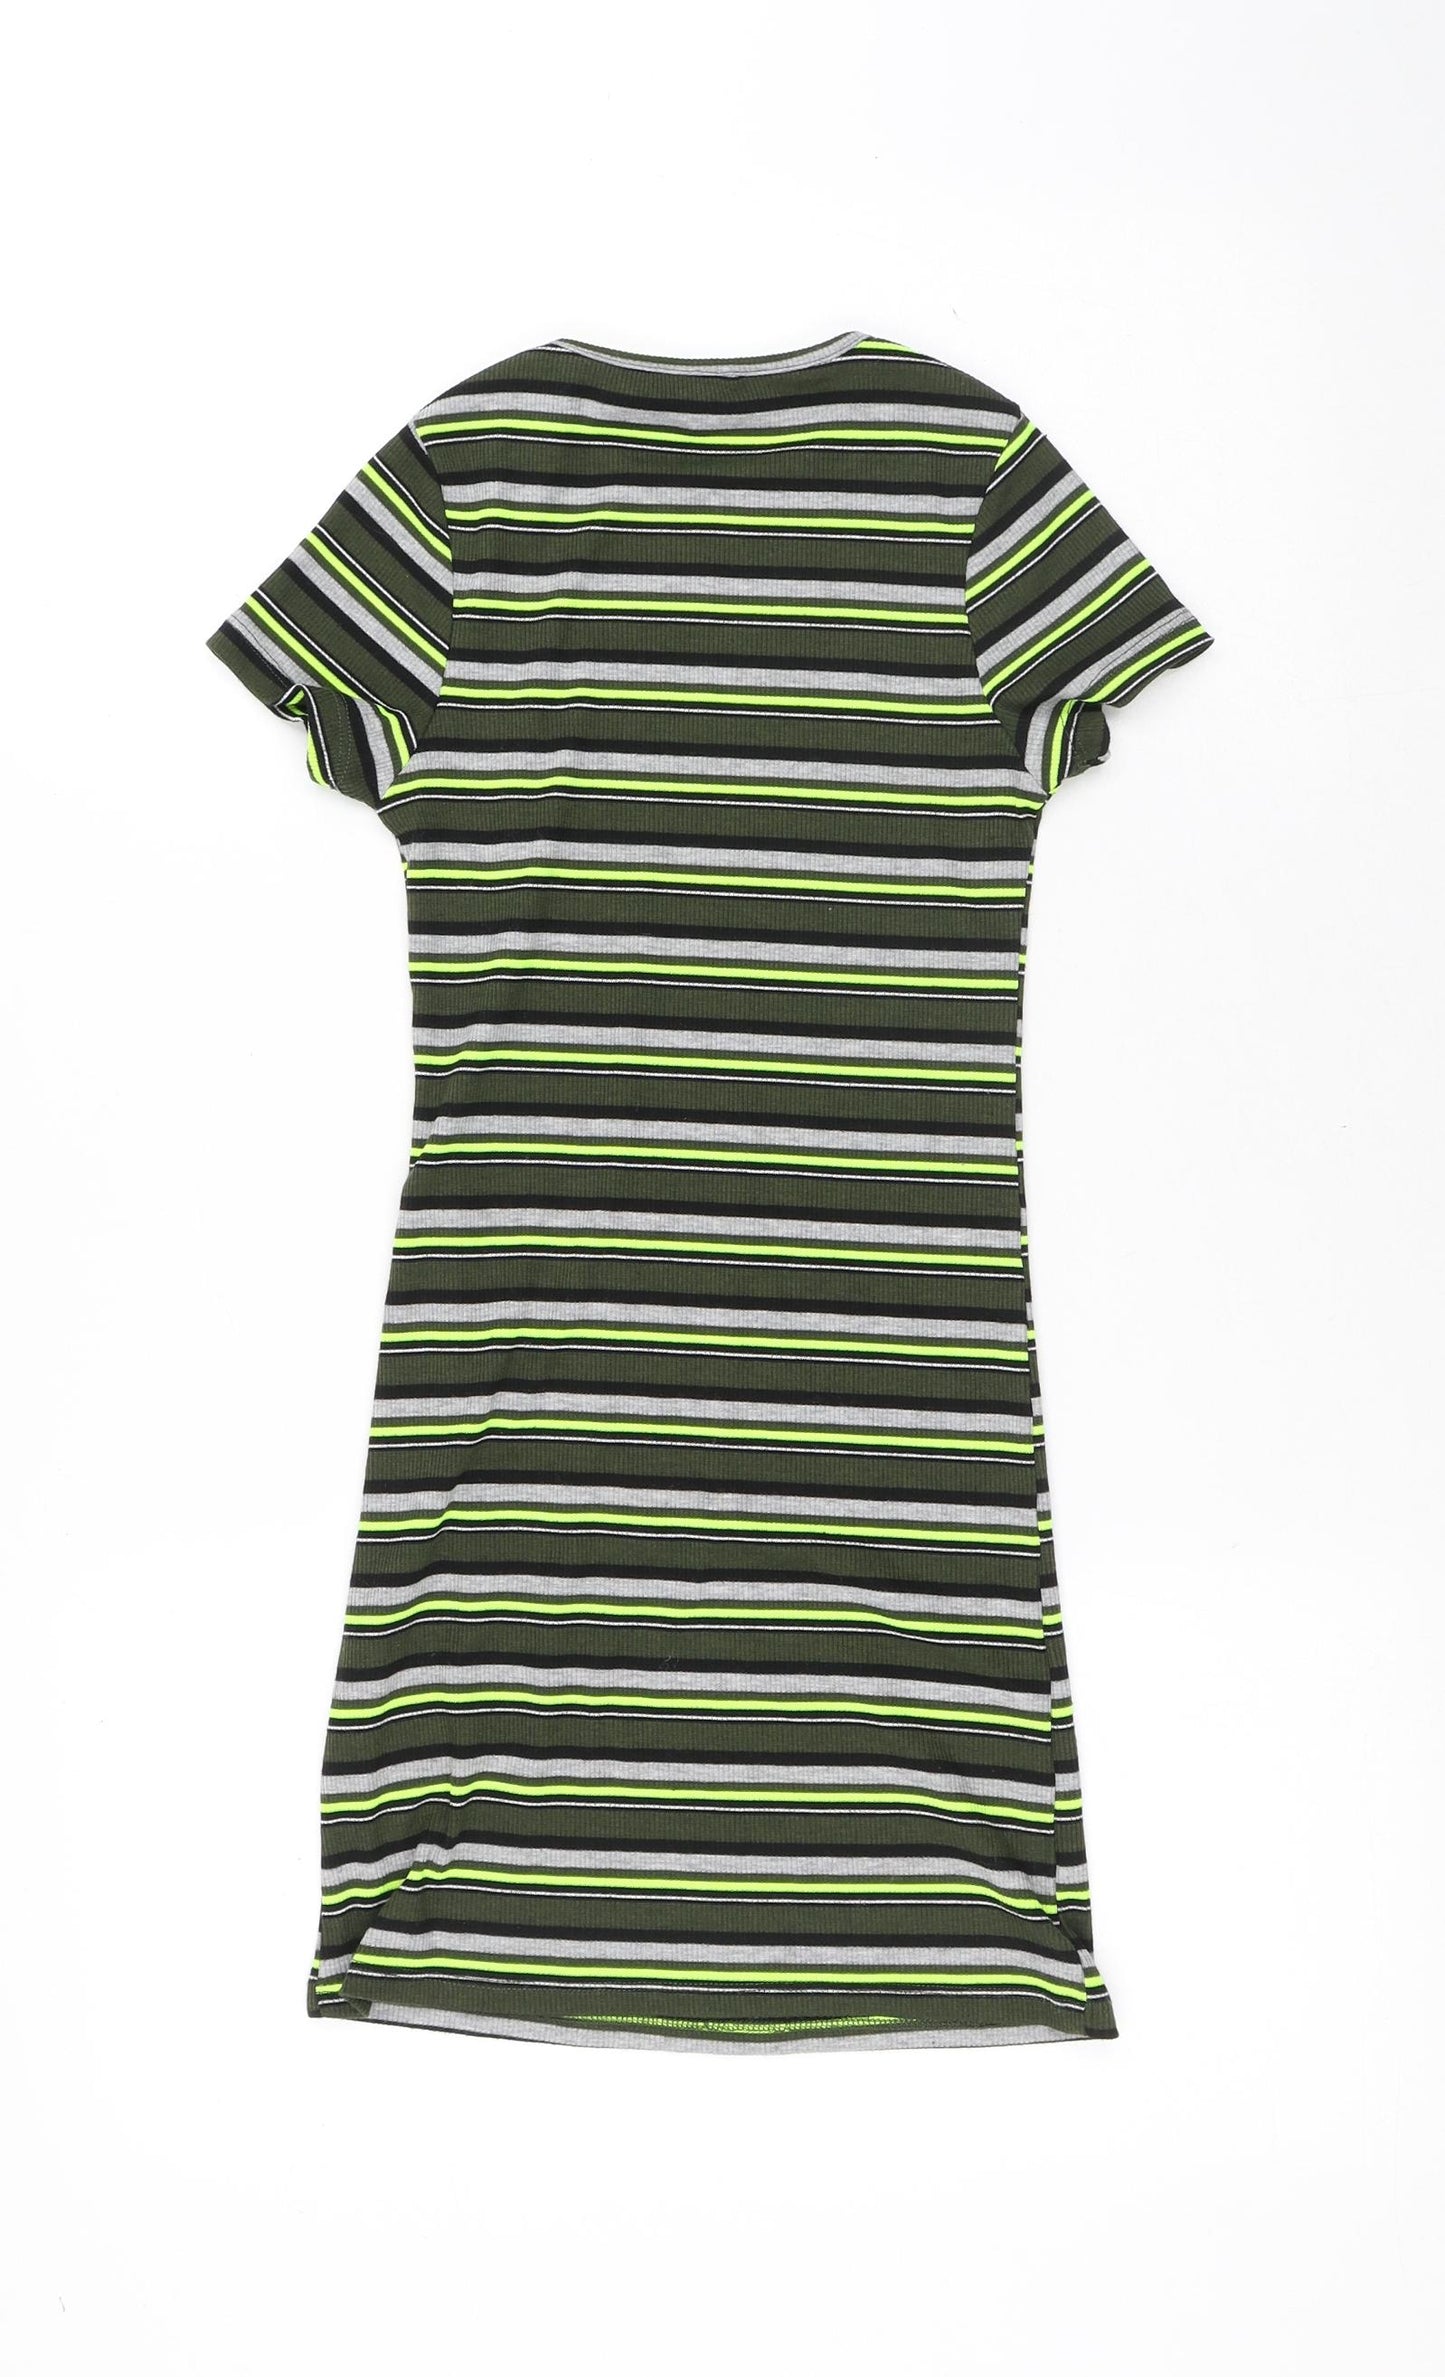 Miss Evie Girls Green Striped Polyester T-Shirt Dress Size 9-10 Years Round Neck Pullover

^^^^^^^^^^^^^^^^

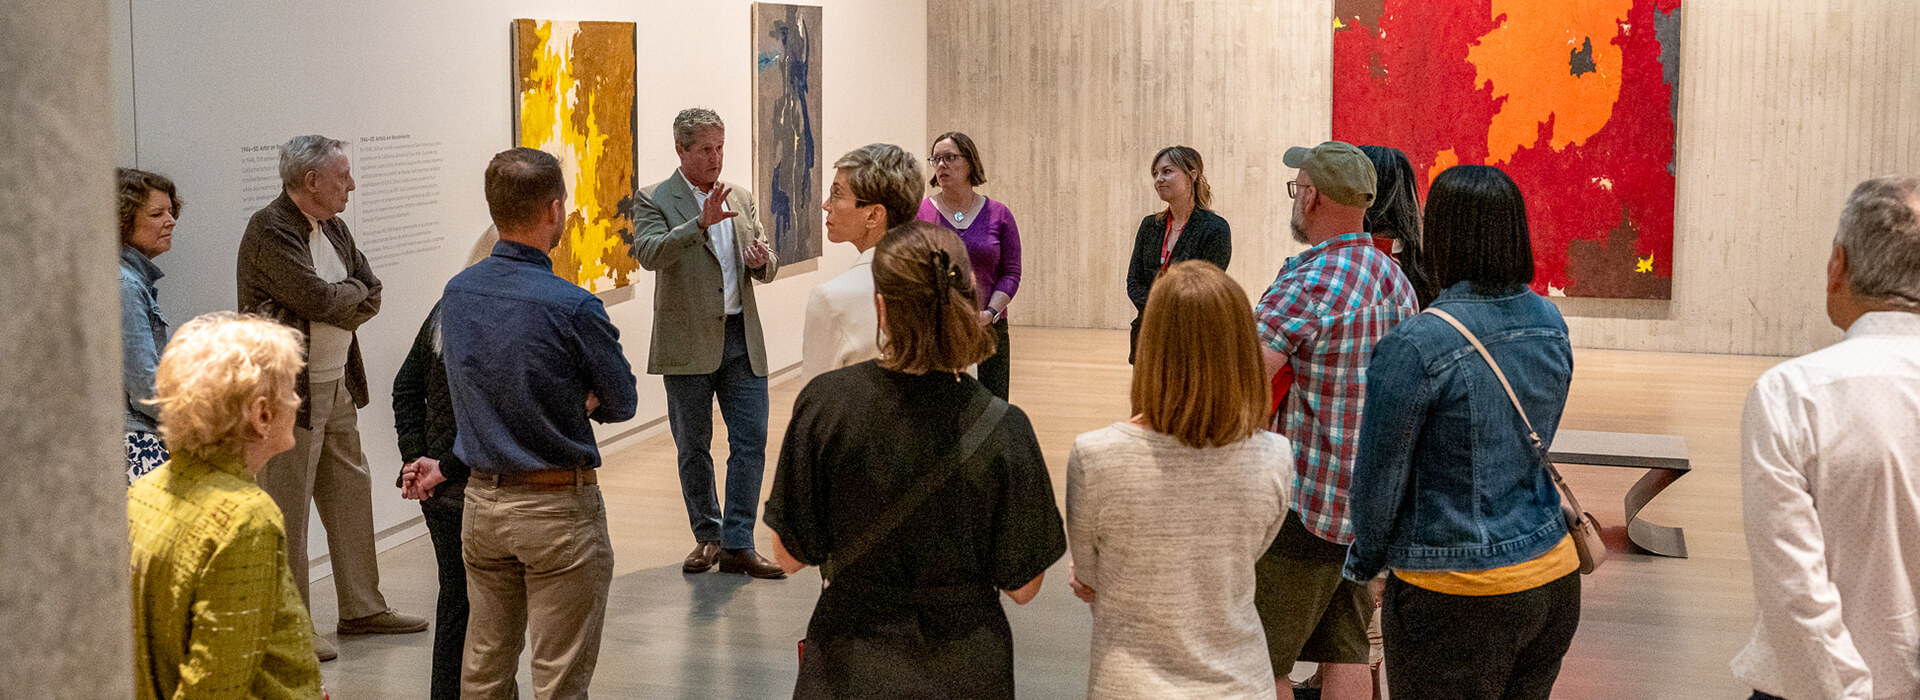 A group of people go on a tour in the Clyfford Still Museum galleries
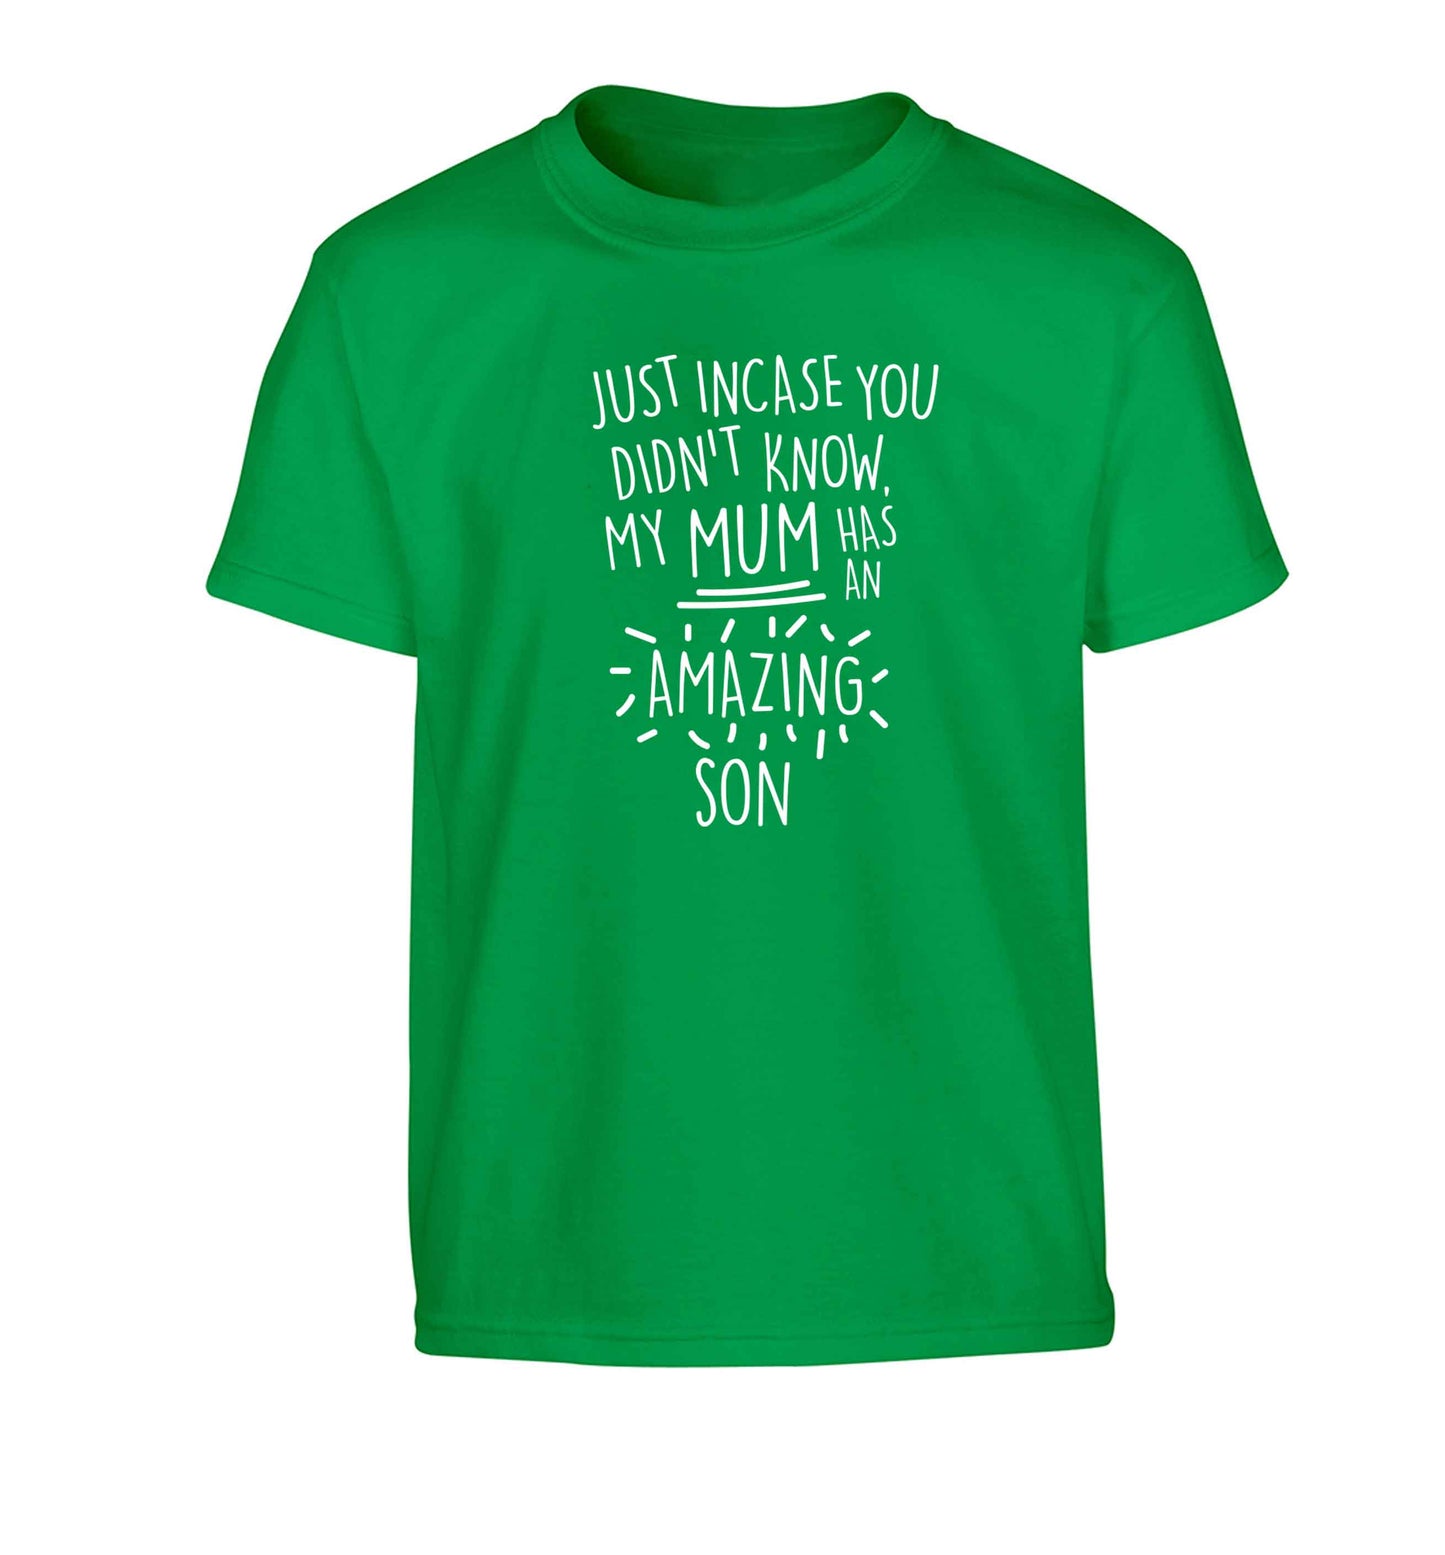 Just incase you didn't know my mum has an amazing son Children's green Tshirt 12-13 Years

^^^^^^^^^^^^^^^^

** Activity **
In the entries above, every line from the line with "A group of people" to the line with "Just incase you" is to be printed exactly, with both ends included and pictures excluded.

** Exercise result **
 A group of people go on a tour in the Clyfford Still Museum galleries
 Just incase you didn't know my mum has an amazing son Children's green Tshirt 12-13 Years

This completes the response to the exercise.